Bug #12615
openRepair of Erasure Coded pool with an unrepairable object causes pg state to lose clean state
0%
Description
After an erasure coded pool 2 + 1 with 2 chunks of a single object corrupted, doing a repair which can't succeed causes pg to lose clean state. The result of a unclean pg is that operations hang
and trying to repair again just causes scrub to requeue continuously. The EIO from rados get requires wip-12000-12200 branch changes.
$ rados -p ecpool get foo dz.out3 error getting ecpool/foo: (5) Input/output error $ ./ceph pg dump pgs | grep ^3.6 dumped pgs in format plain 3.6 1 0 0 0 0 1048576 1 1 active+clean 2015-08-04 16:14:41.607821 16'1 16:8 [0,1,2] 0 [0,1,2] 0 0'0 2015-08-04 16:14:40.526211 0'0 2015-08-04 16:14:40.526211 $ ceph pg repair 3.6 instructing pg 3.6 on osd.0 to repair $ ceph pg dump pgs | grep ^3.6 dumped pgs in format plain 3.6 1 1 4 0 1 1048576 1 1 active 2015-08-04 16:15:39.659583 16'1 16:10 [0,1,2] 0 [0,1,2] 0 16'1 2015-08-04 16:15:39.659434 16'1 2015-08-04 16:15:39.659434 [~/ceph/src] (wip-12000-12200-new) $ ./rados -p ecpool get foo dz.out3 ^C
To get to active+clean, I removed the broken object from the filestore and restarted the osd.
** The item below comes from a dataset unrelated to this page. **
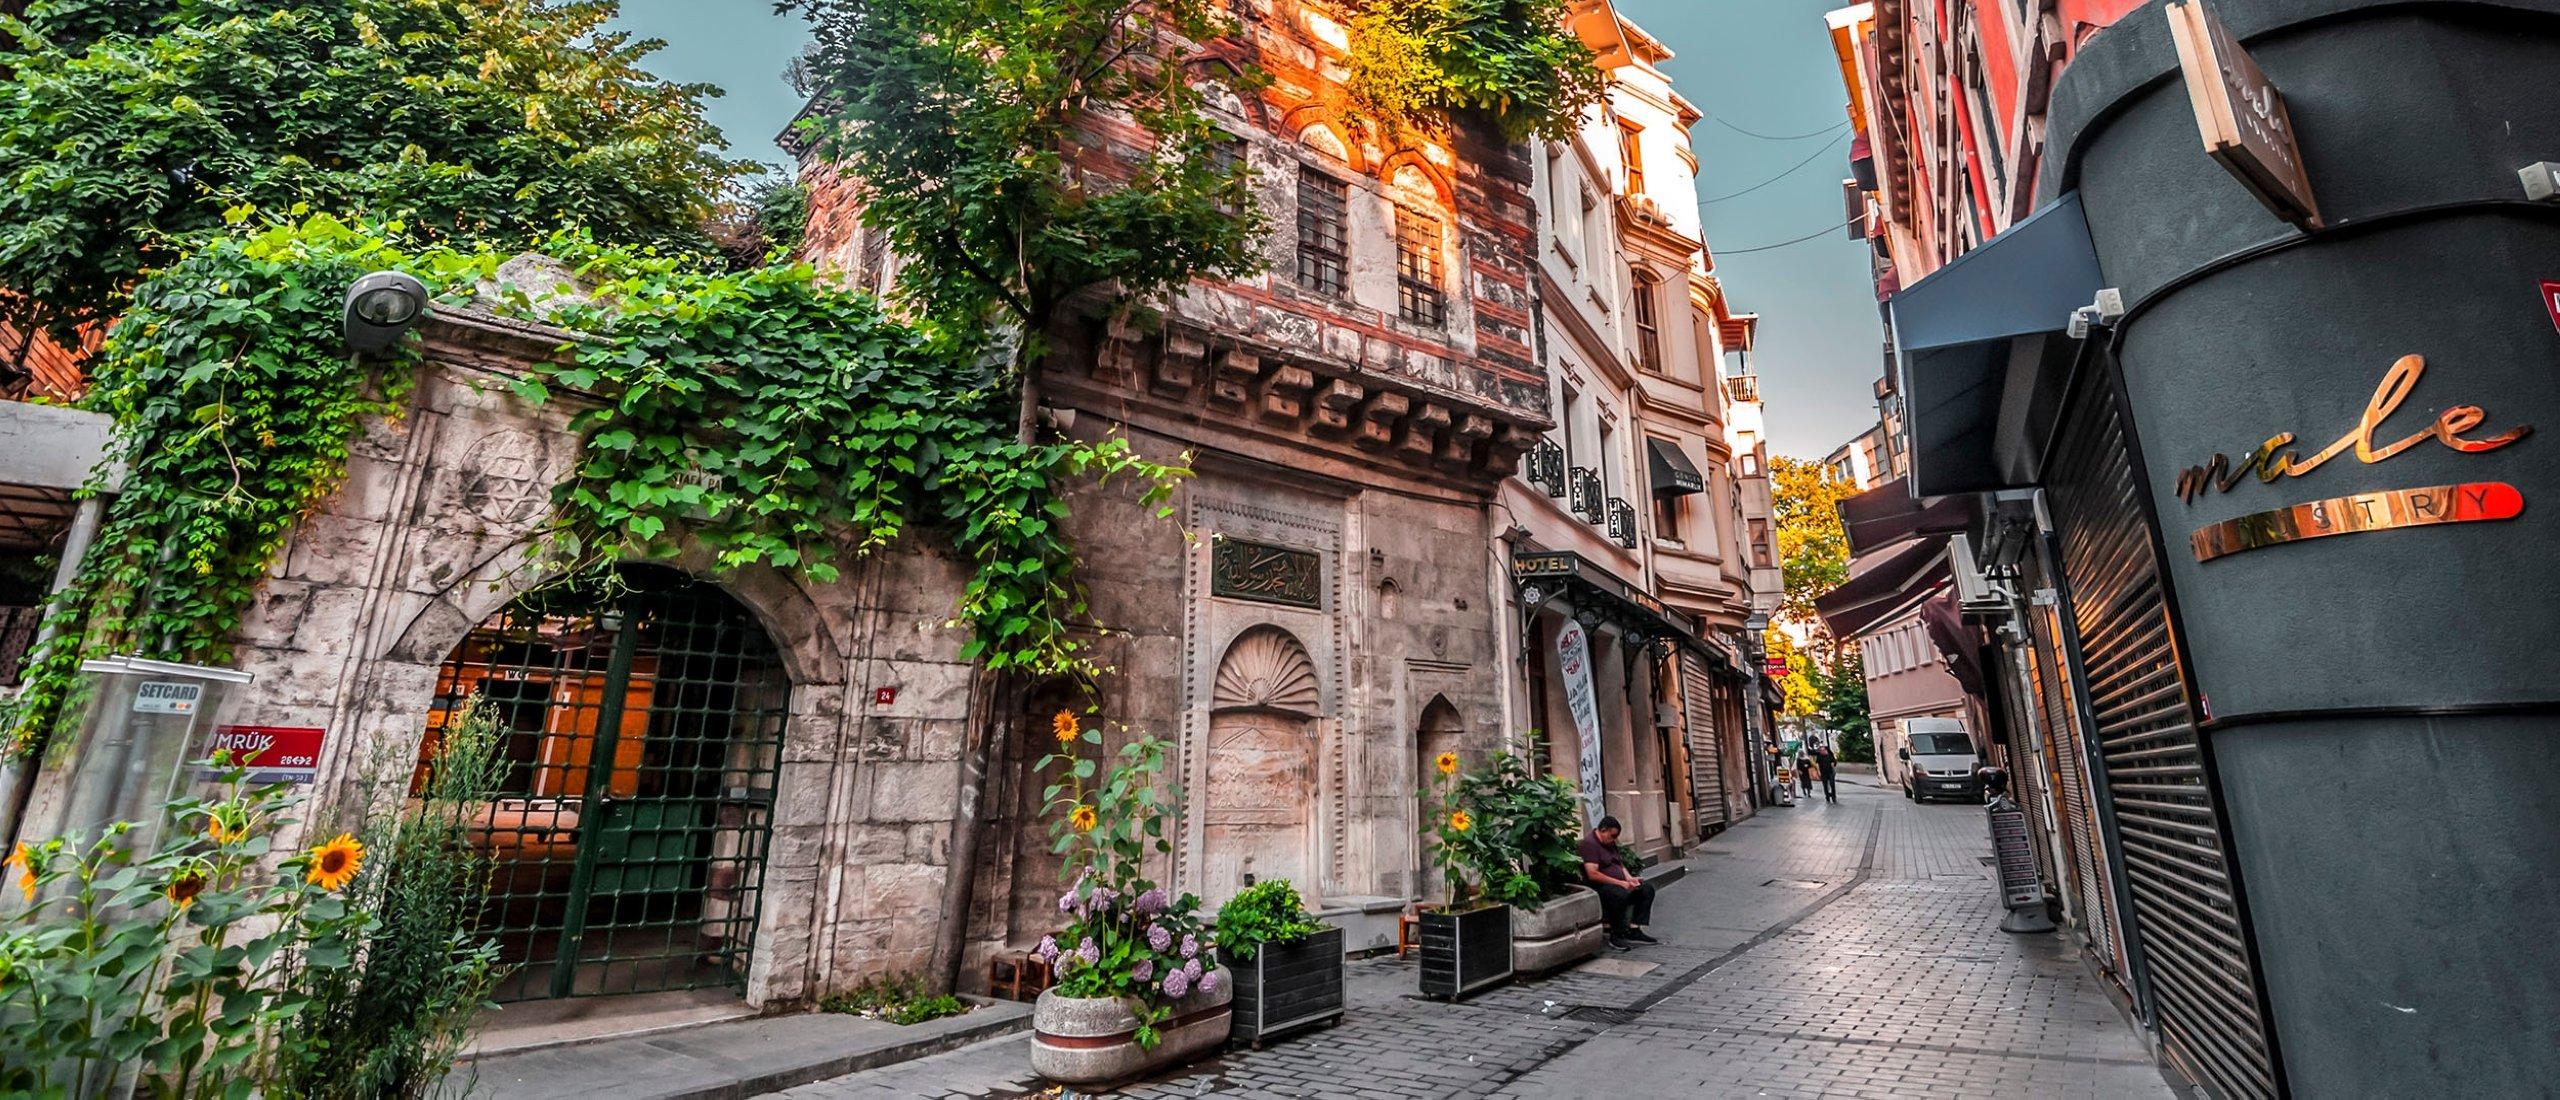 A street view of the Karaköy district of Beyoğlu, Istanbul, Turkey, June 27, 2019. (Shutterstock images)

Updated by David Zafman over 8 years ago
- Status changed from New to 12
The cause of this is as follows:
PG::scrub_process_inconsistent() clears PG_STATE_CLEAN in repair because a later DoRecovery will be initiated to fix the bad replicas/shards. This code works perfectly for replicated pools because we only consider objects that have an authoritative copy. With erasure coded pools we need to have enough shards to repair. Another issue is that we consider these objects as "fixed" even though we won't know later if the repair worked. I don't like this just in case an OSD goes down and the repair can't proceed.
scrub_finish() outputs a message like "1.6 repair 2 errors, 2 fixed" even though nothing has been fixed yet. It initiates a DoRecovery() state change for the PG.
Normally the PG will be marked CLEAN at the end of the recovery process when normally all the repairs happen.
Updated by Greg Farnum almost 7 years ago
- Project changed from Ceph to RADOS
- Category set to EC Pools
- Component(RADOS) OSD added
David, is this still an issue?
Updated by David Zafman almost 7 years ago
This will be fixed when we move repair out of the OSD. We shouldn't be using recovery to do repair anyway.
Updated by David Zafman over 5 years ago
- Related to Bug #25084: Attempt to read object that can't be repaired loops forever added
Updated by David Zafman over 5 years ago
In a replicated case which in which all copies are bad, a rep_repair_primary_object() can cause loss of clean and instead be in recovery_unfound.